Kitlenin şekli, ele geliş biçimi, çok sert ve kenarları bir çakıl taşı gibi düzensiz, kısa zamanda ortaya çıkmış ve büyümüş ise, aynı taraf koltukaltında da ele gelen kitle veya kitleler varsa, kanser ihtimali yüksektir.

 Doktora Başvururken Nelere Dikkat Edilmeli?
Kitlenin doğru teşhisi için özellikle meme kanseri ve meme cerrahisi ile ilgilenen bir genel cerrahi uzmanı seçilmesi önemlidir. Uzmanın çalıştığı kurumun mamografi ve meme ultrasonografi gibi tanıya yönelik alt yapısının yeterli olması gerekir. Meme ultrasonografisi yapacak radyoloji doktorunun bu konuda deneyimli, mamografi cihazının da dijital olması tanı değerini arttıracaktır.

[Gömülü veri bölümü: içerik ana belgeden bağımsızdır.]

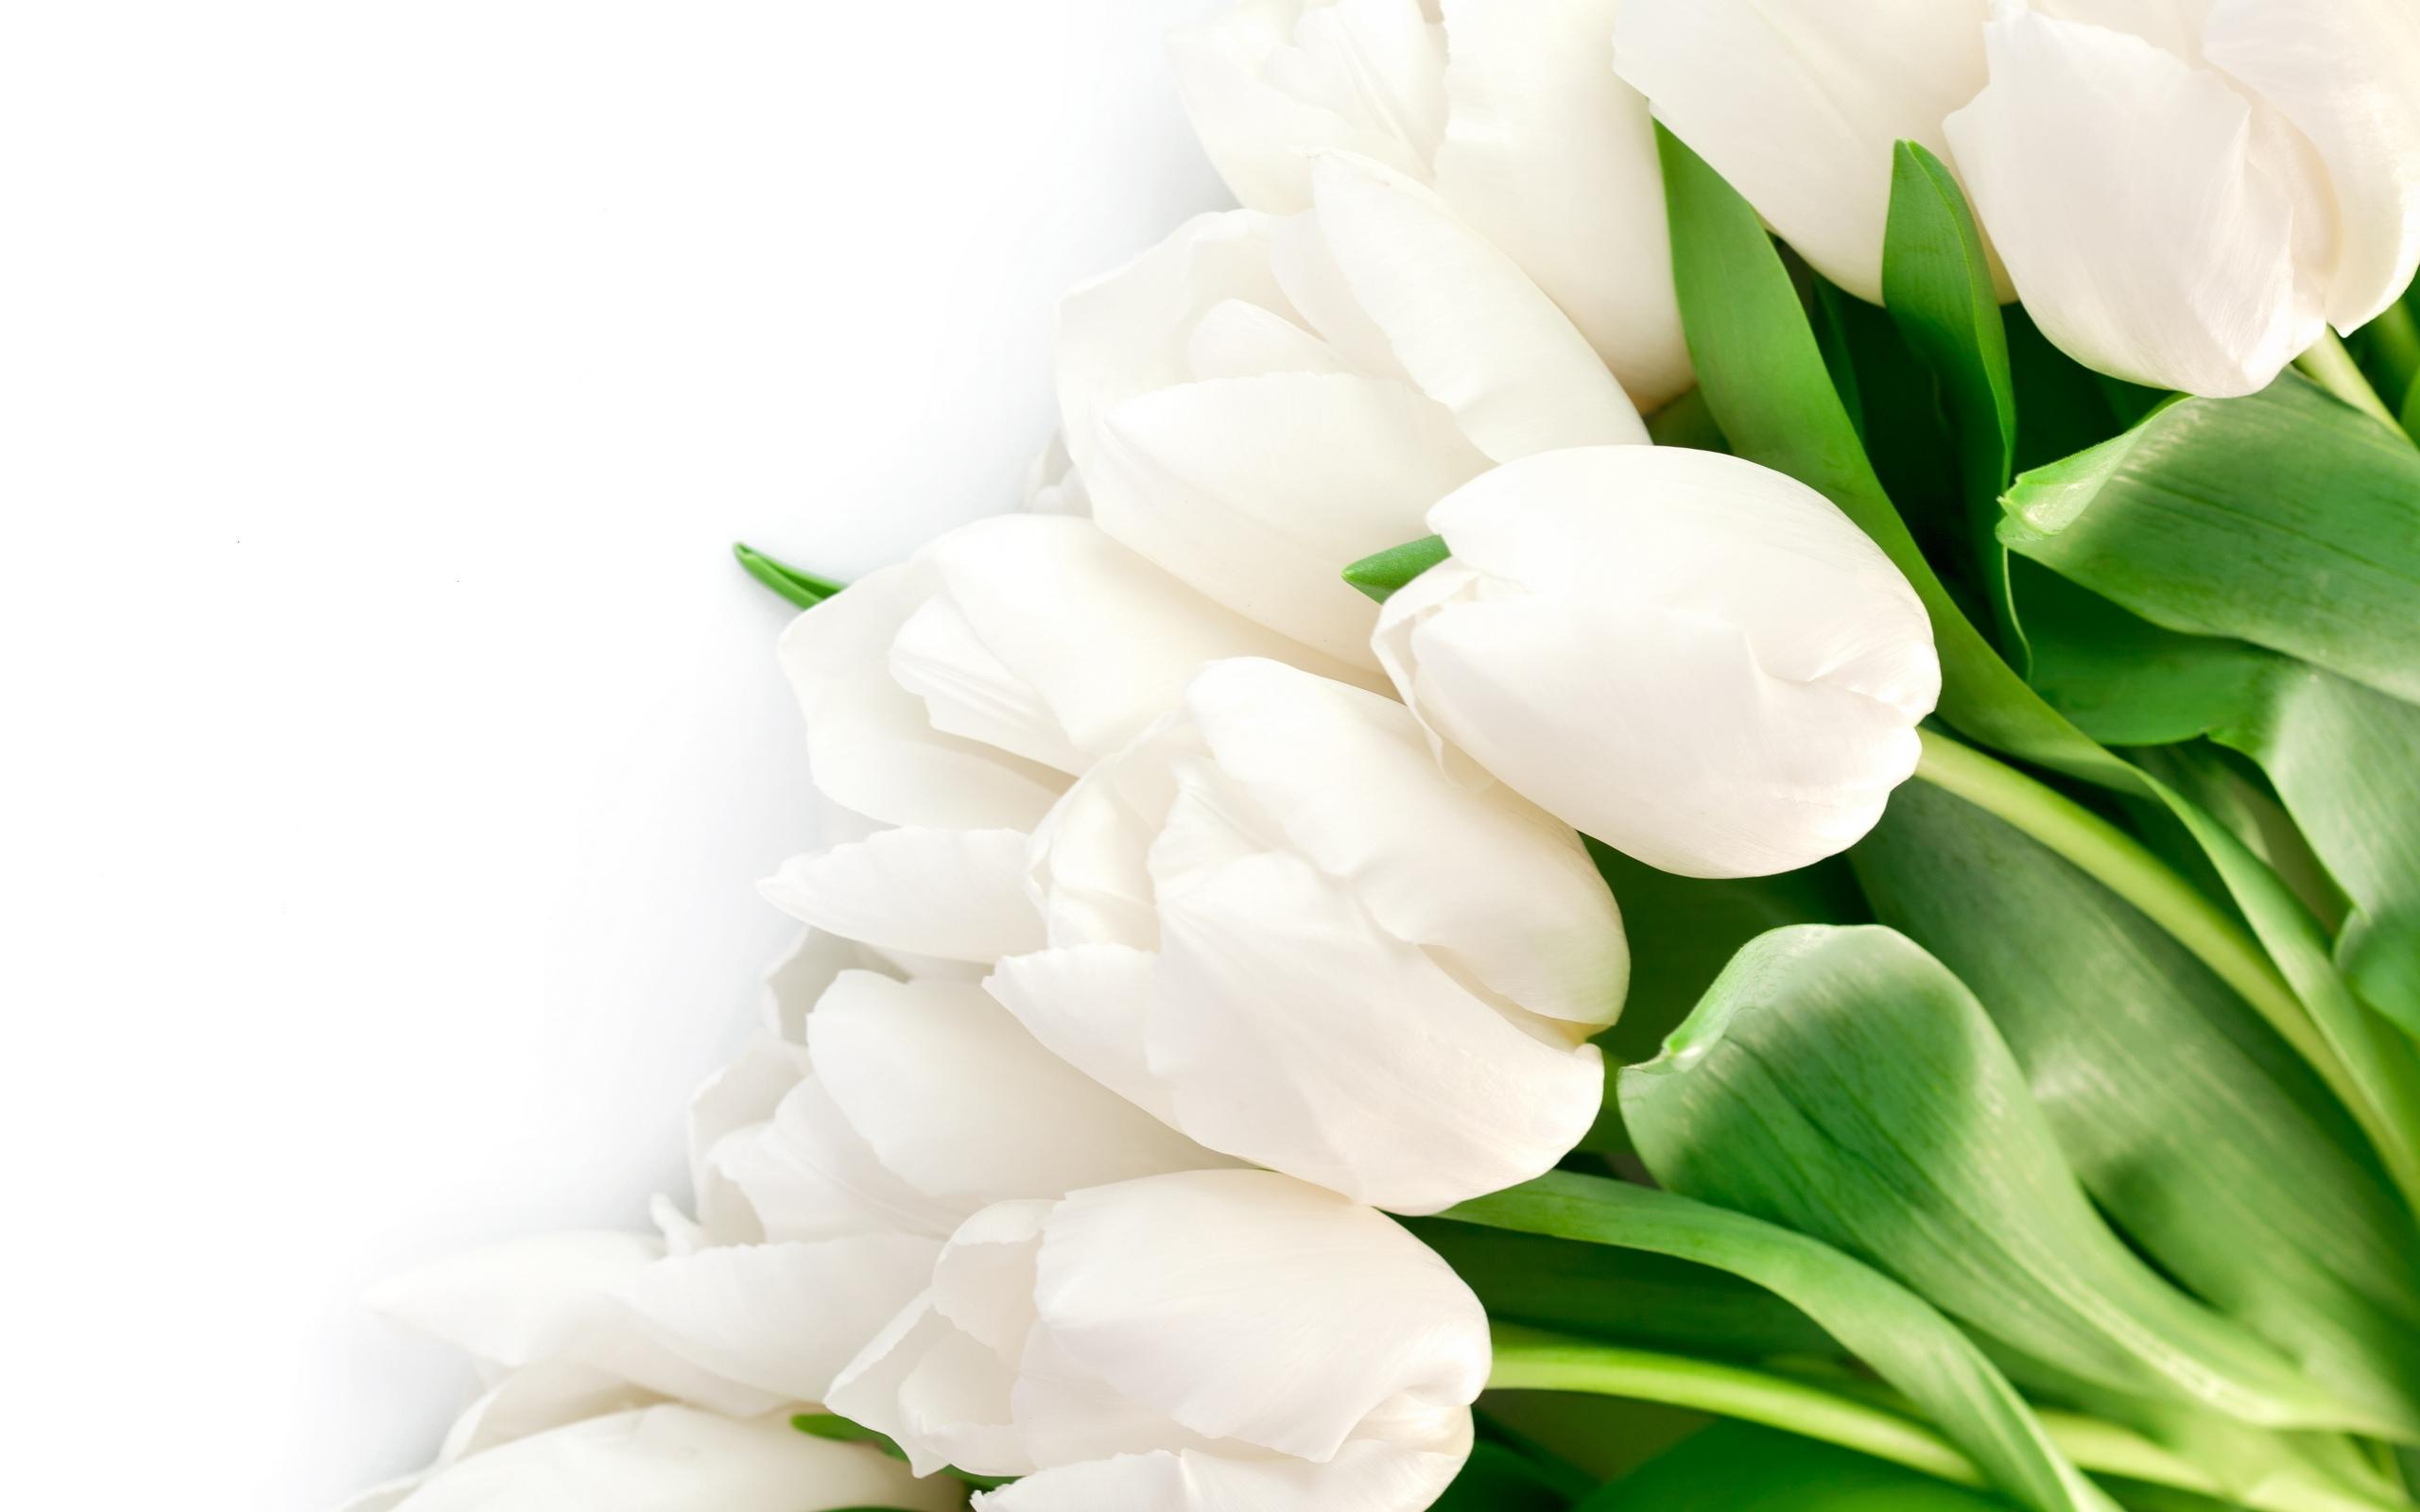 букет,тюльпаны,листья  № 415688 без смс

Kanser şüphesi düşük olan kitleleri 2 sene boyunca 3 veya 6 aylık aralıklarla takip etmek gerekir. Bu takip sonucunda kitlenin boyut ve yapısında değişiklik yoksa kanser olmadığı düşünülür. Değişiklik olan olgularda iğne biyopsisi ile kesin tanı konur. Kanser şüphesi daha yüksek olan kitlelerde takip etmek yerine hemen iğne biyopsisi yapıp tanıyı kesinleştirmek gerekir.

Biyopsi materyalini inceleyen patoloğun meme konusunda deneyimli ve güvenilir olması çok önemlidir. Meme hastalıkları ve meme kanseri tanı ve tedavisi iyi bir ekip ve altyapı gerektirir.